A 40% melt-formable semi-crystalline (co) polymer (ECTFE) pellet and ethylene tetrafluoroethylene (ETFE) (co) polymer (6235 available from 3M Dinion) used as a nucleating agent for ECTFE It was introduced into the hopper of a rotary twin screw extruder (screw speed 225 RPM). Dibutyl sebacate was injected into the extruder and melt mixed with the ECTFE base (co) polymer and ETFE nucleating agent (co) polymer to form a homogeneous solution. The weight ratio of ECTFE (co) polymer / dibutyl sebacate diluent / ETFE nucleating agent (co) polymer was 66.50 / 33.0 / 0.50, respectively. The total extrusion rate was about 15.9 kilograms per hour (kg / hr). The extruder had 8 zones, the temperature profile of which was set at 260 ° C. in the mixing zone, and the temperature was reduced to 224 ° C. at the extruder exit / sheet push die. The die had an orifice of 25.4 cm × 0.05 cm.

  The molten solution was cast on a patterned casting wheel maintained at 6.1 meters / minute (m / minute) at 49 ° C. The cast film was fed into the solvent wash process. In this process, mineral oil was removed using 3M Novec 71DE solvent. The film was then dried at 77 ° C. to evaporate the solvent. After drying, the film was stretched 4.0: 1 in the machine direction (MD) at 160 ° C. and 1.75: 1 in the cross direction (TD) at 160 ° C.

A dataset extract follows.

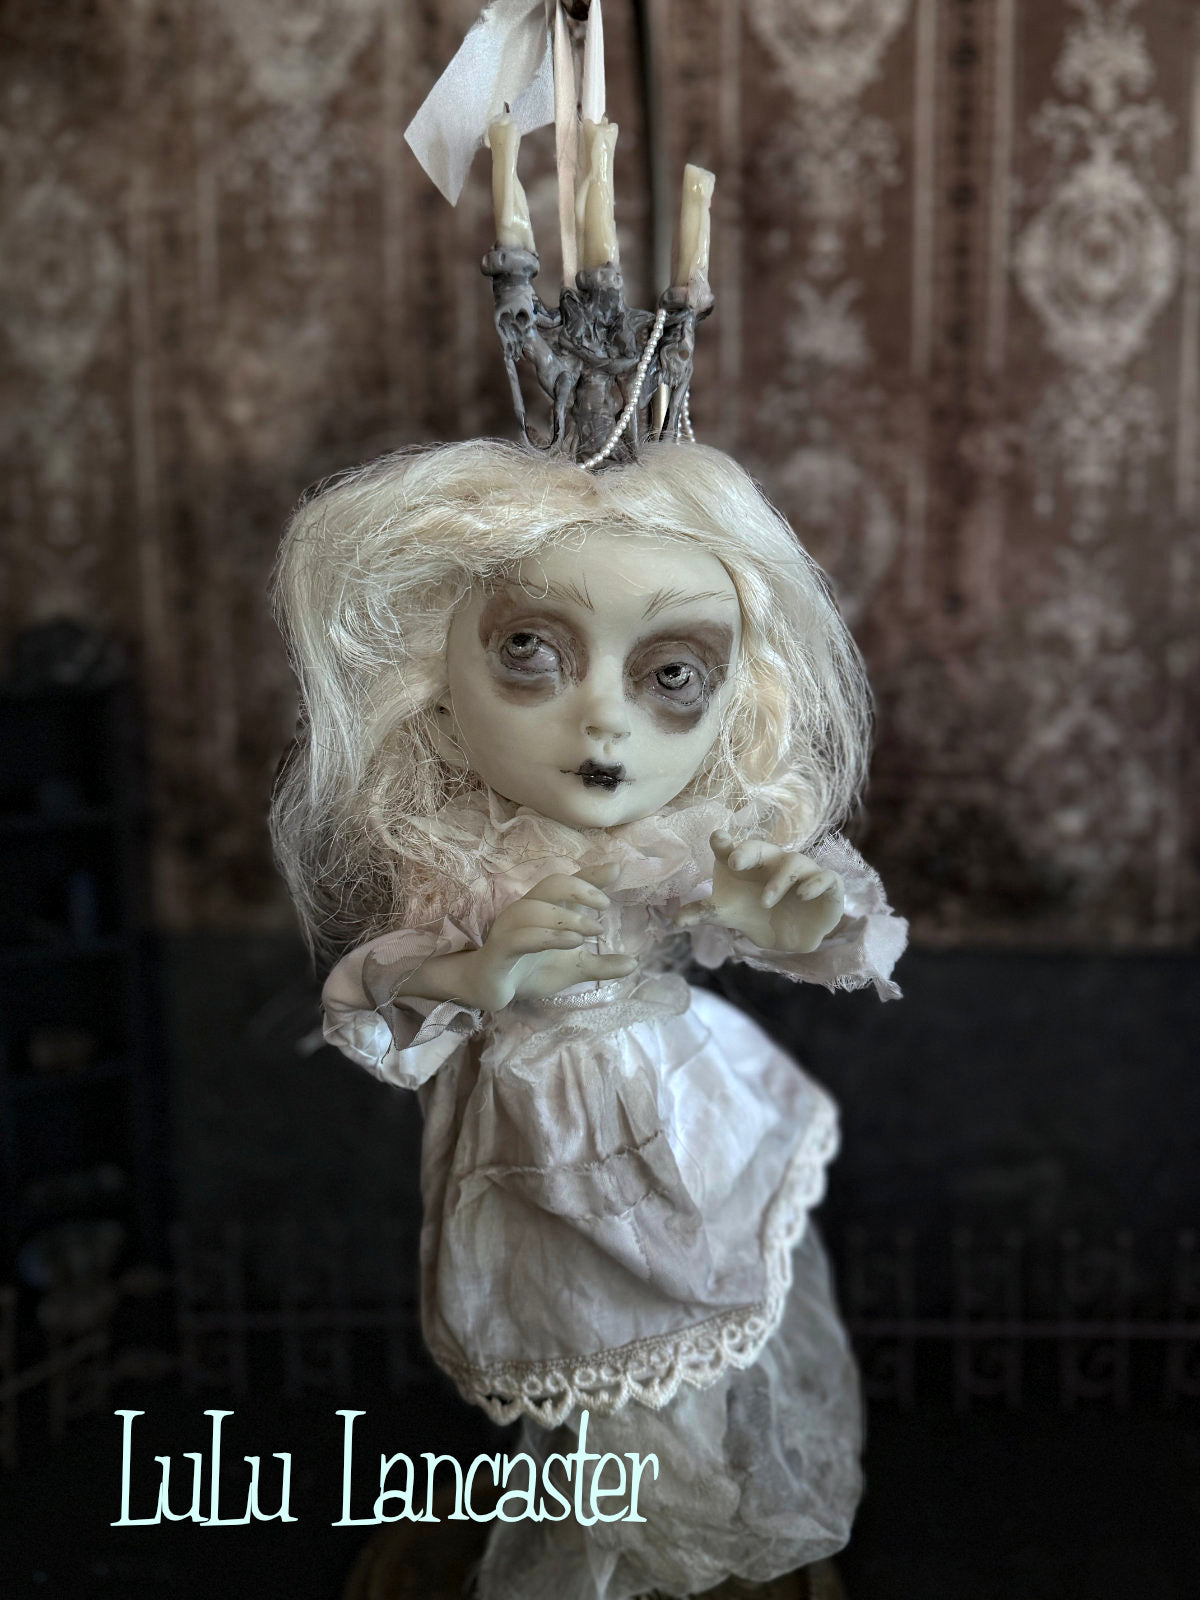 Isabella glow in the dark hanging ghost Original LuLu Lancaster Art Doll

  Table 1 lists the pore characteristics. 5A is a photomicrograph showing a portion of an exemplary microporous membrane with a fine fiber mesh structure prepared according to an exemplary embodiment of Example 5. FIG. FIG. 5B is another photomicrograph showing a portion of an exemplary microporous membrane with a fine fiber mesh structure prepared according to the exemplary embodiment of Example 5.

(Example 6)
A new form of microporous material was prepared according to Example 5 with the following exceptions. The weight ratio of ECTFE (co) polymer / dibutyl sebacate diluent / ETFE nucleating agent (co) polymer using ECTFE 902 polymer in the formulation was 58.0 / 41.0 / 1.0, respectively. The molten solution was cast on a smooth wheel maintained at 60 ° C., the film was stretched 5.0: 1 at 138 ° C. in the machine direction (MD) and 2 at 160 ° C. in the cross direction (TD). Stretched at 0.0: 1. A typical membrane was 18 μm thick and 50% porous. FIG. 6A is a photomicrograph showing a portion of the air quench side and FIG. 6B is a portion of the wheel quench side of a typical microporous ECTFE membrane with a fine fiber mesh structure prepared according to Example 6. 6A, the air quenching side of the membrane shown in FIG. 6A has a structure with more gaps when compared to the wheel quenching side of the membrane shown in FIG. 6B (showing a denser non-target structure). Show.

Comparative Example 1
A porous membrane was prepared as in Example 1, except for the following. The weight ratio of PP / diluent / nucleating agent was 39.8 / 60.0 / 0.20. The film die was maintained at 177 ° C. The MD stretch ratio was 1.5: 1 @ 99 ° C. The TD stretch ratio was 2.6: 1 @ 132 ° C. Table 1 lists the pore characteristics and modulus values. The modulus value was low and the process conditions did not reach a new form. FIG. 7 is a photomicrograph showing a typical microporous membrane prepared according to Comparative Example 1 without a fine fiber mesh structure.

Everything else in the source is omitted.